How Do I Differentiate Between Guidelines?

It can be difficult to determine, given the number of guidelines on various medical topics, which ones are the best fit for your specific needs. It is important to look for guidelines developed using rigorous and transparent methods. The 2011 NAM landmark report Clinical Practice Guidelines We Can Trust identified standards for developing trustworthy guidelines. These remain the gold standard in guideline development and include the following:

  • Composition of Guideline Development Group
  • Systematic Review of Evidence
  • Foundations for Recommendations
  • Funding Source Disclosure
  • Disclosure and Management of Financial COIs
  • External Review
  • Updating

How Can I Develop Guidelines that Adhere to these Standards?

ECRI has more than 25 years of experience in supporting guideline development, guideline appraisal, and guideline dissemination. We have developed hundreds of systematic reviews underpinning clinical practice guidelines and have appraised and disseminated thousands of guidelines to a global audience. Furthermore, we have cultivated longstanding relationships with hundreds of guideline developers, many of whom have relied on our expertise in making their guidelines more methodologically robust and their processes more systematic and rigorous. ECRI continues to be a thought leader in the guideline community and a champion of advancing safe and effective patient care.

How ECRI Can Help

If your organization is interested in developing new or updating existing guidelines, methodologists from the ECRI-Penn Medicine Evidence-based Practice Center (EPC) can lend support. Our experienced research team includes clinicians, PhD- and master’s-level methodologists, and analysts who have supported national and international societies and federal agencies in their guideline development. We can work with your organization to:

  • Critically appraise the evidence used to underpin your guideline through a systematic review.
  • Provide customized training and interactive educational workshops to members of your guideline development group and staff. We can offer instruction on all phases of the guideline development process, including:

    • scoping your guideline and framing PICOT questions,
    • assessing individual study quality (risk of bias),
    • rating the body of evidence and strength of clinical recommendations, and
    • crafting actionable and articulate recommendation statements.
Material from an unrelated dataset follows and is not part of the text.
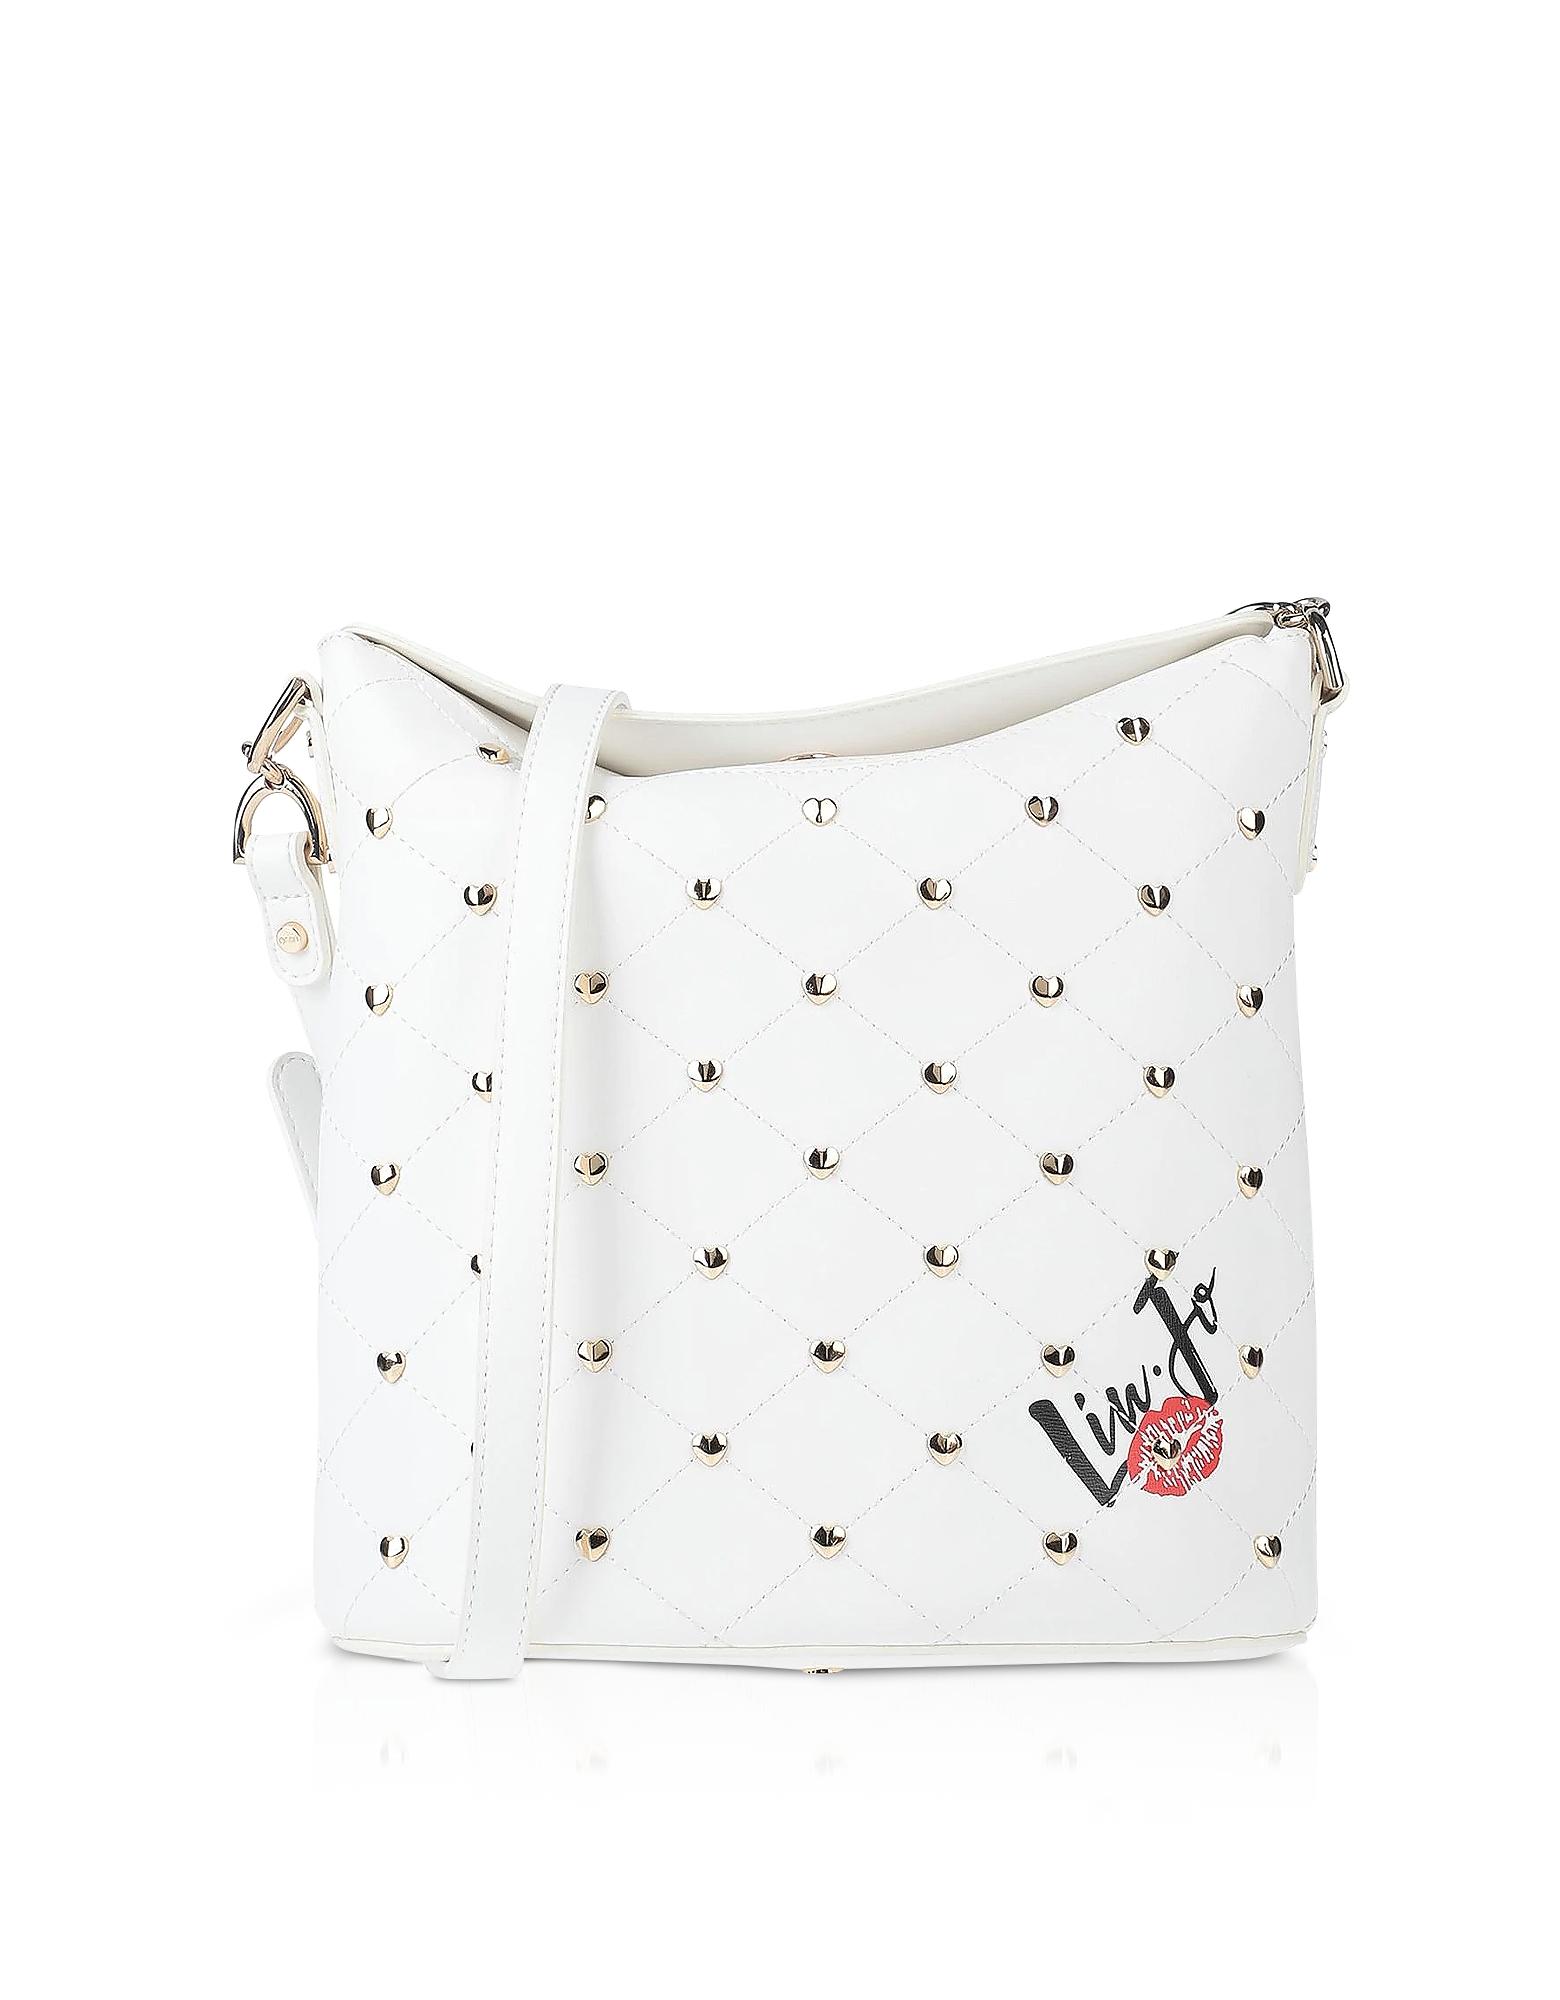 Liu Jo Designer Handbags, Withe Studded Bucket Bag

Master’s-level guideline specialists from the ECRI Guidelines Trust (EGT), our centralized repository of current, evidence-based guidelines, appraise guidelines using the National Guideline Clearinghouse Extent Adherence to Trustworthy Standards (NEATS) instrument. Providing an appraisal score helps clinicians, educators, policymakers, payers, and patients gauge their confidence in a specific clinical practice guideline. We can help your organization with the following:

  • Enhance your guideline development process with an unbiased assessment that offers strategies and recommendations for improvement and alignment with NAM standards for developing trustworthy guidelines.
  • Manage your guideline panel members’ financial and intellectual conflicts of interest throughout the development process.
  • Identify appropriate guideline recommendations for extraction and uptake into clinical decision support systems.

Master’s-level medical research librarians and bibliographic database management and information experts from the ECRI Information Center are key contributors on our guideline projects. We can also help as follows:

  • Offer guidance to your staff and guideline panel members about documented, systematic, and comprehensive literature searches.
  • Conduct literature searches on your behalf using multiple databases and information sources and providing documented search strategies and retrievals to ensure your search process is not only transparent but reproducible to accommodate guideline updates.

How ECRI is Unique

ECRI staff supporting your guideline efforts are unbiased and free from conflicts of interest. For more than 50 years, our strict conflict-of-interest (COI) policy has provided assurance about the integrity of our work. Our COI policy applies to our entire staff, extending beyond financial interest to include emotional and intellectual conflicts or bias.

Peer-Reviewed Publications

Journal articles derived from some of the guidelines ECRI supported in recent years include the following:

  • 2022 American College of Rheumatology Guideline for Vaccinations in Patients With Rheumatic and Musculoskeletal Diseases. Arthritis Care Res. PMID: 36597813. | Arthritis Rheumatol. PMID: 36597810.
  • 2021 American College of Rheumatology Guideline for the Treatment of Juvenile Idiopathic Arthritis: Therapeutic Approaches for Oligoarthritis, Temporomandibular Joint Arthritis, and Systemic Juvenile Idiopathic Arthritis. Arthritis Care Res. PMID: 35233986. | Arthritis Rheumatol. PMID: 35233993.
  • Diagnosis and Treatment of Infertility in Men: AUA/ASRM Guideline. J Urol. PART I. PMID: 33309062. | PART II. PMID: 33309061.
  • Medical Care of Adults with Down Syndrome: A Clinical Guideline. JAMA. PMID: 33079159.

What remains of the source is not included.